Microstructure and Mechanical Properties of Carbon/Carbon Composites Infiltrated with Ti–6Al–4V Titanium Alloy

Abstract

In this work, chemical vapor infiltration (CVI) was combined with reactive melt infiltration (RMI) using Ti–6Al–4V titanium alloy powder to prepare Cf/C–TiC composites. The microstructure and composition of Cf/C–TiC composites were characterized by scanning electron microscopy (SEM) and X-ray diffraction (XRD). The flexural properties of the composites were also analyzed.

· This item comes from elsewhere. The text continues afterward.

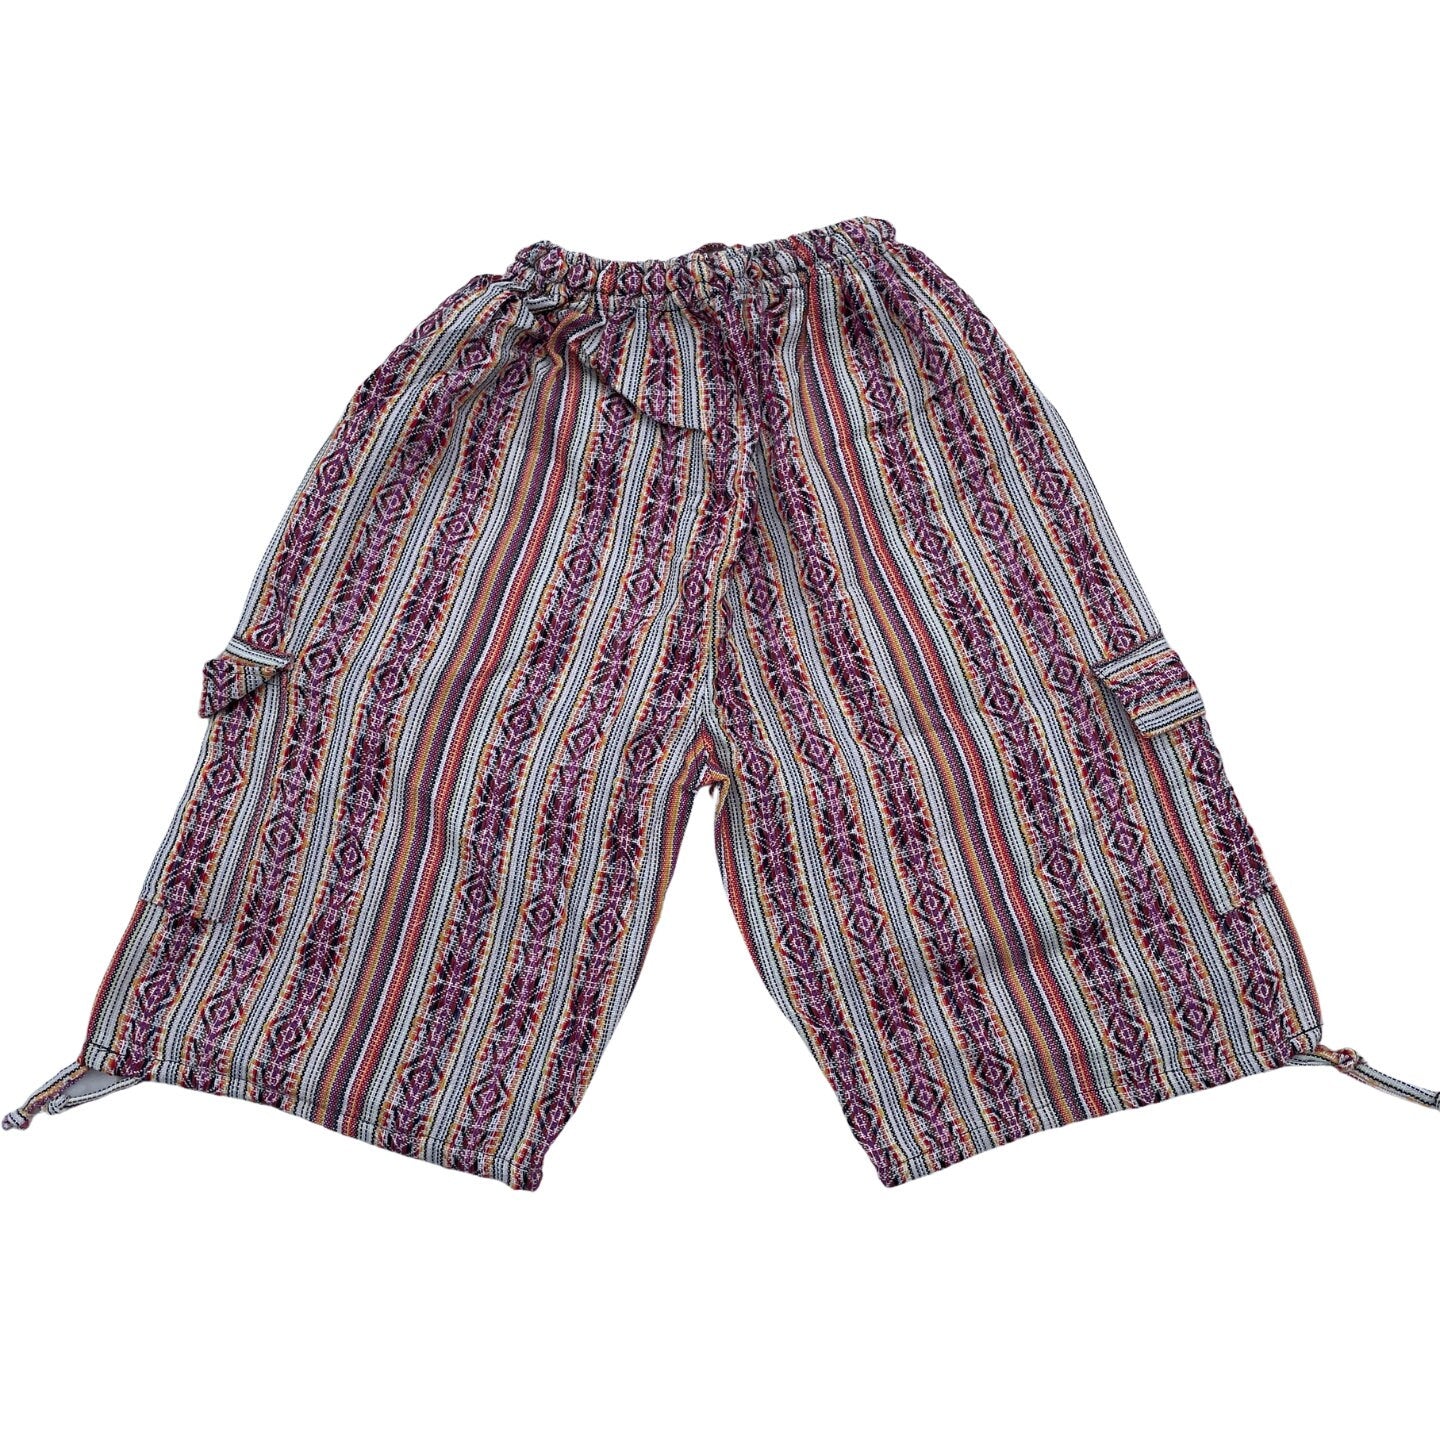 Unisex Woven Boho Cargo Shorts Size L | Hippie Shorts | Tribal Shorts | White Purple Orange
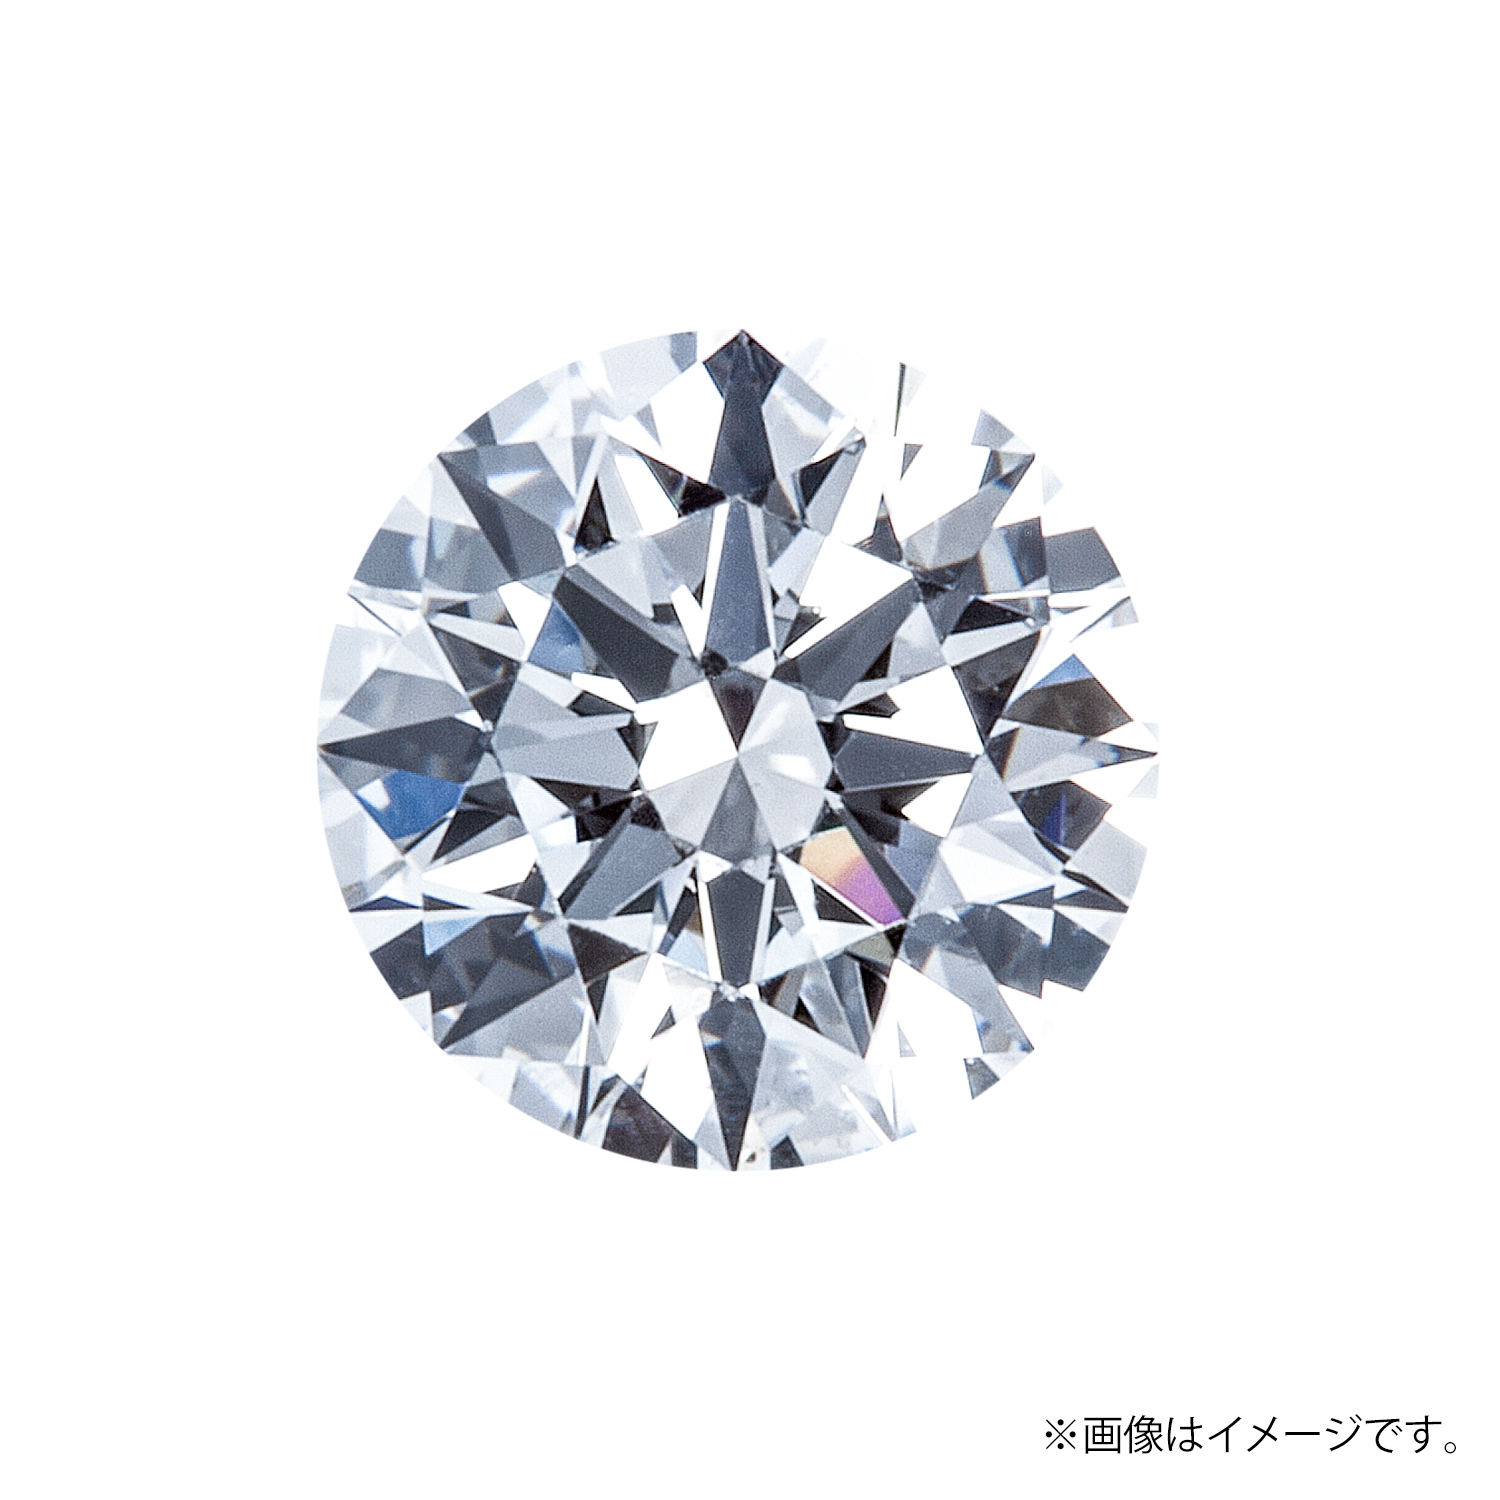 0.528ct Round ダイヤモンド / F / VS1 / 3EX H&C

The results indicated that the Ti–6Al–4V titanium alloy infiltrated the Cf/C preform and reacted with the pyrolytic carbon (PyC) to form a TiC–VC and Al4C3 matrix, and no residual Ti, Al, or V was detected. Moreover, Al4C3 was concentrated and independently distributed, whereas Ti and V reacted with C to form a TiC–VC solid solution. The porosity was 6.75%, and the bulk density of Cf/C–TiC was 1.96 g/cm3. The flexural strength, flexural modulus, and failure strains were 256 ± 18 MPa, 89 ± 9 GPa, and 0.93 ± 0.13%, respectively. The work of fracture of the Cf/C–TiC composite was about 6.8 ± 0.38 KJ/m2. Due to the propagation and deflection of cracks, as well as debonding and fiber pullout, the Cf/C–TiC composite showed ductile fracture behavior.